Excel n’est pas ton problème. Ton process, si. Tout le monde te dit de quitter Excel pour un “vrai” logiciel. Les éditeurs adorent ça. Mais changer d’outil sans comprendre ce qui coince dans ta façon de travailler, c’est mettre le même bordel dans un logiciel plus cher.
Ce que tout le monde te dit#
Ouvre Google. Tape “limites Excel gestion entreprise”. Tu vas tomber sur 10 articles. Les 10 sont écrits par des éditeurs de logiciels.
Leur argument : 88% des feuilles de calcul contiennent des erreurs. 68% des PME de moins de 20 salariés utilisent encore Excel comme outil principal. Conclusion : achète notre CRM / ERP / GMAO / [insérer le nom du logiciel].
C’est pas faux. Mais c’est pas le sujet.
Le vrai problème, c’est pas l’outil#
Le problème, c’est est-ce que tu sais dans le détail ce que tes équipes font avec Excel.
Excel, c’est un symptôme. Quand ton fichier est un monstre de 15 onglets avec des formules que personne ne comprend, le problème c’est pas le tableur. C’est que personne n’a jamais posé à plat le process derrière.
Change d’outil si tu veux. Mets un ERP à 50 000 €. Si ton process est bancal, tu auras un ERP bancal. Plus cher. Plus complexe. Et tes équipes qui retournent sur Excel en douce parce que “c’était plus simple avant”.
Ce que je vois sur le terrain#
Les commissions. Un client dans le retail. Pour calculer les commissions de ses vendeurs, voilà ce qu’il faisait : 4 exports depuis son logiciel métier. Copié-collé dans son fichier Excel de calcul. Un onglet de recherche par code vendeur avec des RECHERCHEV. Des formules sur plusieurs colonnes pour arriver au bon montant. Et les lignes en rouge ou en jaune ? Les vendeurs avec un contrat différent — calcul à faire à la main.
Chaque mois. Pendant des heures.
Le problème, c’est pas Excel. C’est que le calcul des commissions n’a jamais été pensé comme un process. Excel, il fait ce qu’on lui demande.
Les stats commerciales. Une autre boîte. Chaque commercial vient écrire ses ventes dans un fichier Excel partagé. L’objectif : faire des stats fines avec des tableaux croisés dynamiques.

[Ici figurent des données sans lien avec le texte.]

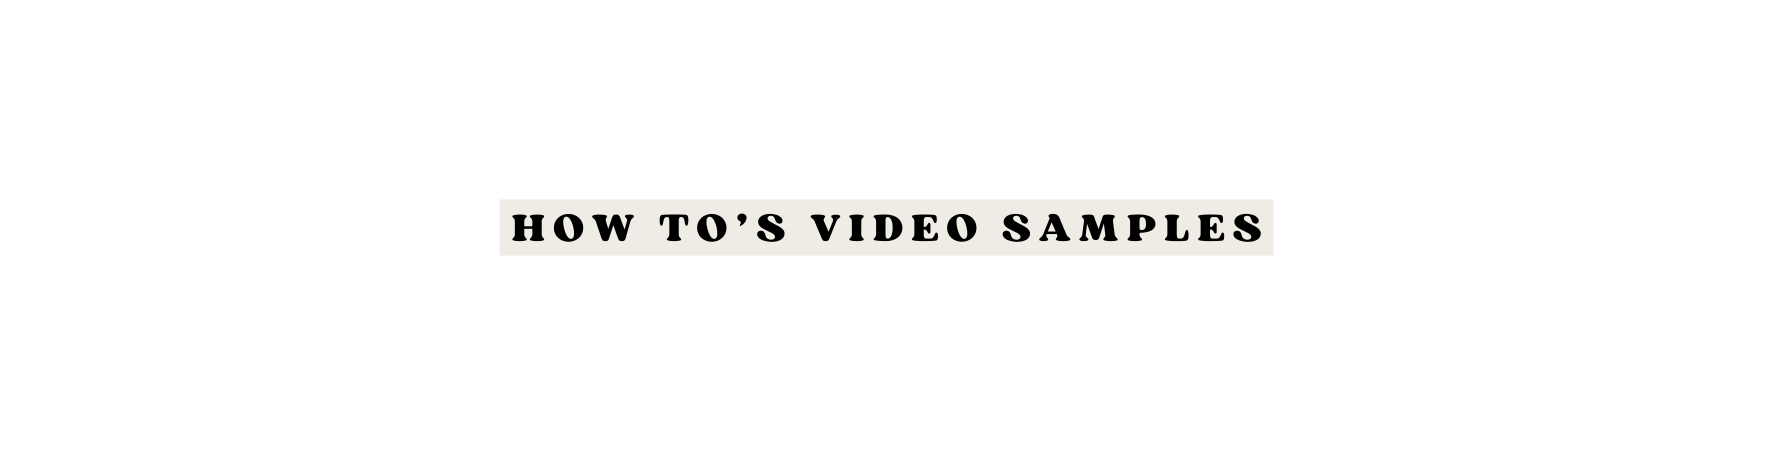 HOW TO S VIDEO SAMPLES

Sauf que d’une année à l’autre, les données ne sont pas formatées pareil. Nouveaux commerciaux qui remplissent pas comme les anciens. Colonnes qui changent. Le TCD ne marche plus.
Le problème, c’est pas Excel. C’est que personne n’a défini comment les données doivent être saisies.
Ce que tu devrais faire avant de changer d’outil#
Personne ne prend le temps de mettre à plat ce qui est réellement fait dans un process. Les dirigeants pensent savoir ce que font leurs équipes. C’est vrai dans 80% des cas. Mais les 20% restants — les détails opérationnels, les exceptions, les contournements — passent à la trappe.
Et quand tu migres vers un nouvel outil sans avoir documenté ces 20%, tu régresses. Tu perds des fonctionnalités que personne n’avait identifiées. Tu te retrouves plus lent qu’avant, avec un outil plus cher.
Avant de changer d’outil :
- Mets à plat ce que tes équipes font réellement (pas ce que tu penses qu’elles font)
- Identifie ce qui est lent, redondant ou source d’erreurs
- Corrige le process d’abord — l’outil viendra après
C’est ce que je fais quand j’interviens pour un diagnostic de process. Souvent, le client arrive en disant “il me faut un nouveau logiciel”. Et on finit par simplifier le process existant — parfois sans changer d’outil du tout.